Three years ago I restarted my life after working for the church for more than 11 years. I was single again after being married for 13 years, living 3000 miles away from my hometown without knowing what to expect ahead. I was 40 years old, overweight, in debt, jobless, confused and in pain. I had finally graduated from university but I did not have any experience in my resume besides my church work. I was a wounded human being trying to make sense of his life. For three months I lived out of the mercy and grace of my close friends, and my sister Maria. I was in the midst of moving to California to live closer to family. The church that brought me to the United States was in complete silence, and that silence was very loud in my heart. I knew in my mind this was going to happen when I came out while still serving as a local pastor in the United Methodist Church, but knowing about, and experience it is something totally different. I do not wish anybody to go through this.
During this time I wrote my so famous unpublished book “The Way of Simplicity”, a memoir of my life in 365 pages. My online blog, Uncomplicated Spirituality, for the months of August 2010 had an article titled “Contemplative Life” where I wrote this:
There is nothing like the contemplative life, when I give to myself the opportunity to quite down all the noises around me, all the voices who tell me who I am or where to go, all the frustration, anxiety, hurt and bitter. It is a moment where I can try to understand the deepest longing of my soul, and the refreshment of my spirit. Therefore if, “Contemplative prayer is nothing other than coming into consciousness of what is already there” (Signature of Jesus – quote by William Shannon), then a contemplative life is not discovering what it will be, but acknowledging what is already there. I like the definition of salvation that Brennan Manning has, it is not to escape the flames of eternal damnation like we are used to hear, but “an ongoing process of becoming increasingly conscious.”

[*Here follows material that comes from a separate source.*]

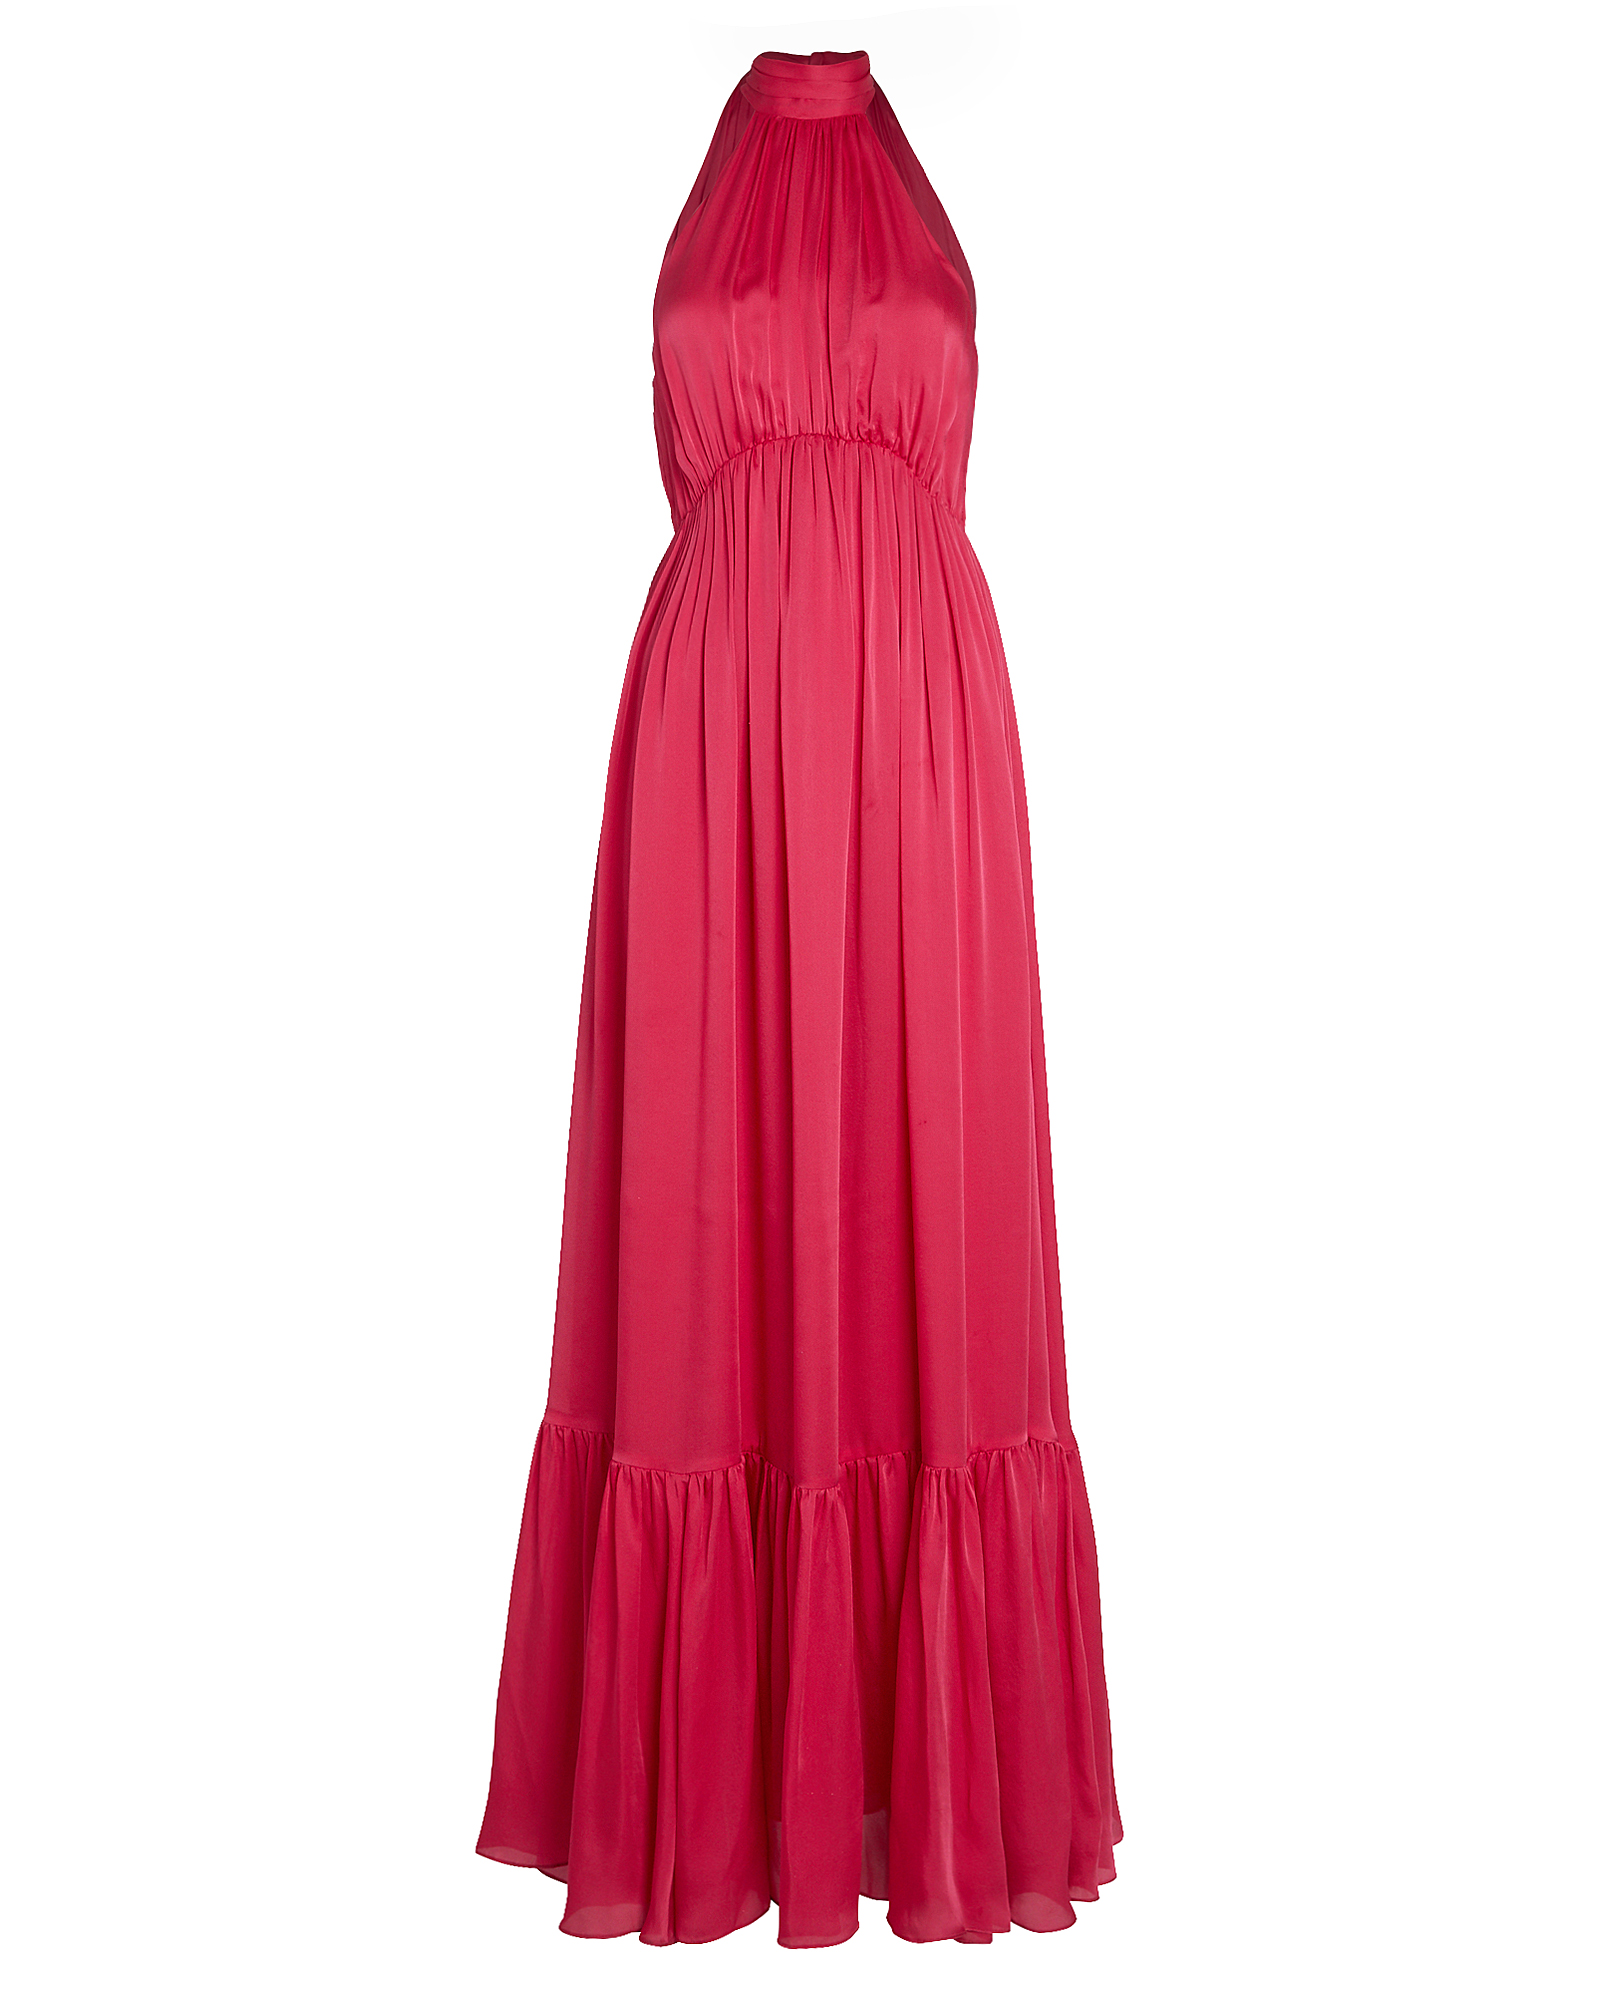 Zimmermann | Gathered Silk Chiffon Gown | INTERMIX®

After more than 80 applications submitted, I found a job, and in this place I was introduced to the immigrants rights movement, and social justice in general. Popular education and organizing became my motto, and the struggle of the oppressed became a very strong motivation to fight for it. I went from a full time preacher in the church, to a full time minister con mi gente. (With my people). In the last 3 years I have moved twice, one to Knoxville, Tennessee, and lately to Birmingham Alabama. I have lived in four different houses, and now I live in one of the smallest places I have ever lived before. I have met wonderful people in this movement, people I have learned so much. In the meantime, my father a strong pillar in my life left to join his ancestors. The imagine of his eyes saying good bye to us while he whispered “me voy, me voy” (I am leaving, I am leaving) still in my mind as it was only yesterday.
BUT, I am still in debt, and still seeking for the direction of my life. I am still confused trying to find the answers of all my questions. I am faithless, churchless, cashless, boyfriend less, and surprisingly, without social life. Coming out was not the end of the road, but the beginning of rebuilding a life, and let me tell you it has not been easy, but it has been worth it. I do not regret the decision I have made in the last 3 years. My life has been giving 180 degrees turns many times, and honestly I do not have any idea where I will turn next. I am, little by little, taking control of my life, and a result of this is my strong commitment to be in the best shape ever when I turn 45 years old. I am still walking in this journey of mine.
“Life is glorious, but life is also wretched. It is both. Appreciating the gloriousness inspires us, encourages us, cheers us up, gives us a bigger perspective, energizes us. We feel connected. But if that’s all that’s happening, we get arrogant and start to look down on others, and there is a sense of making ourselves a big deal and being really serious about it, wanting it to be like that forever. The gloriousness becomes tinged by craving and addiction. On the other hand, wretchedness–life’s painful aspect–softens us up considerably. Knowing pain is a very important ingredient of being there for another person. When you are feeling a lot of grief, you can look right into somebody’s eyes because you feel you haven’t got anything to lose–you’re just there. The wretchedness humbles us and softens us, but if we were only wretched, we would all just go down the tubes. We’d be so depressed, discouraged, and hopeless that we wouldn’t have enough energy to eat an apple. Gloriousness and wretchedness need each other. One inspires us, the other softens us. They go together.”
– Pema Chödron, Start Where You Are: A Guide to Compassionate Living.